Get the complete instructions for enabling TLS and read more about how to configure mongod and mongos for TLS/SSL. The short answer in this article's context is that the TLS subkey of the net key in the mongod.conf file should look something like this:
1 net: 2 tls: 3 mode: requireTLS 4 certificateKeyFile: /etc/ssl/mongodb.pem
Where mongodb.pem is the combined server certificate + key.
Remember when we mentioned simplicity earlier in this article? Let's Encrypt automated certificate issuance involves the ACME protocol. This Automatic Certificate Management Environment has several implementations from among which you must choose. ACME implementations have been the subject of a few CVEs, e.g. [1,2,3]. You can see why some choose to defer this complexity until production.
- A self-signed certificate chain is a sensible choice for a realistic local development installation in a reasonably "safe" environment.
- A self-signed certificate chain should never be deployed in production.
- A self-signed certificate chain should never be deployed in development if development or testing exercises sensitive data.
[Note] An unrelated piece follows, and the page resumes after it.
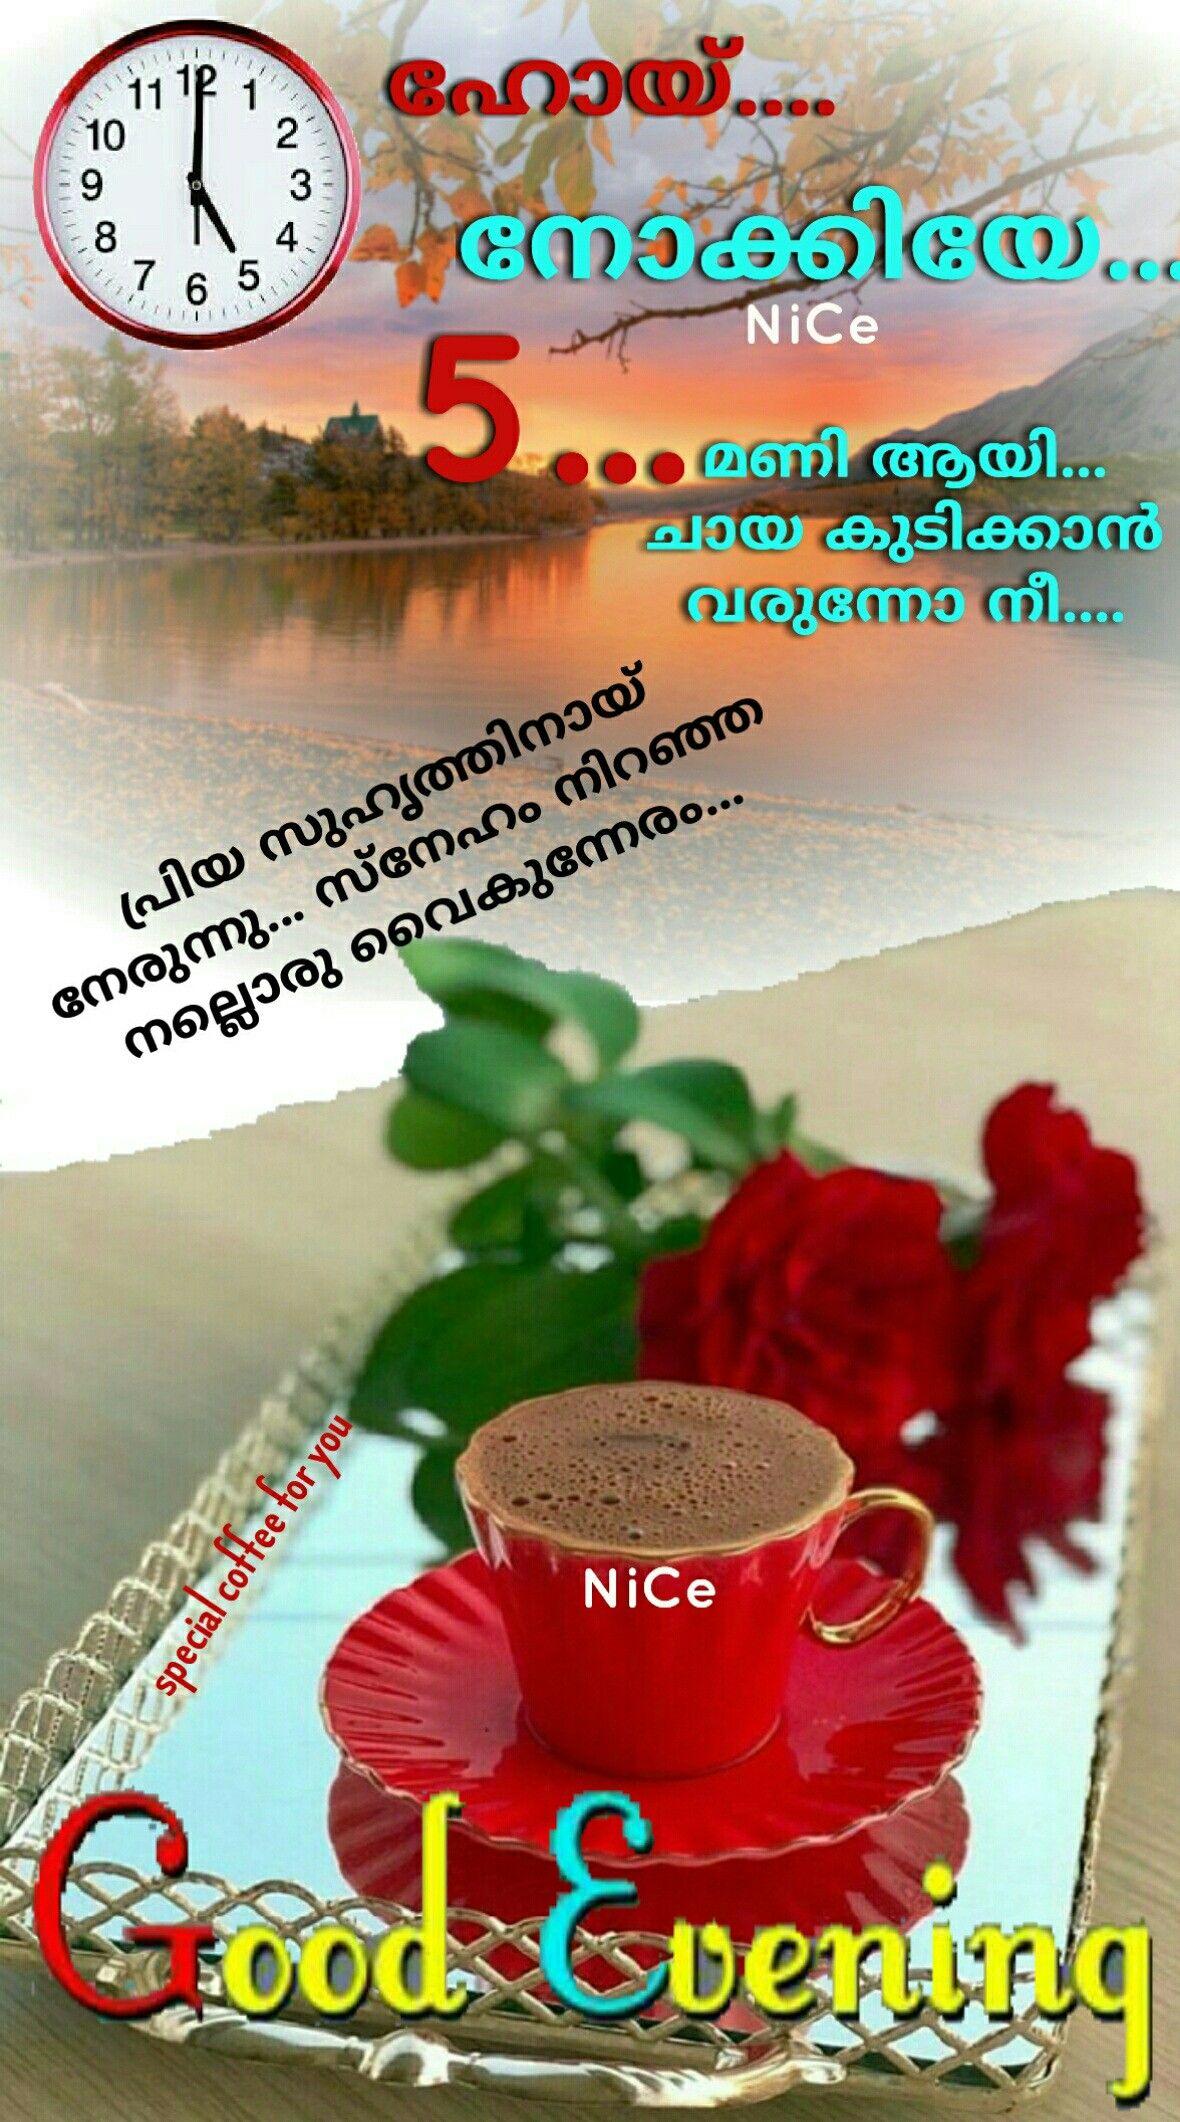 Pin by Aket Ket on Good Evening Good evening, Best, Evening

- An enterprise local certificate authority represents an important alternative to a hand-rolled, self-signed certificate chain such as we have presented here.
- If you have a DNS name and are ready for a genuine certificate authority, Let's Encrypt is a good entré.
- MongoDB Community Edition presents flexible configuration options for modeling deployment scenarios, as we have seen in this article.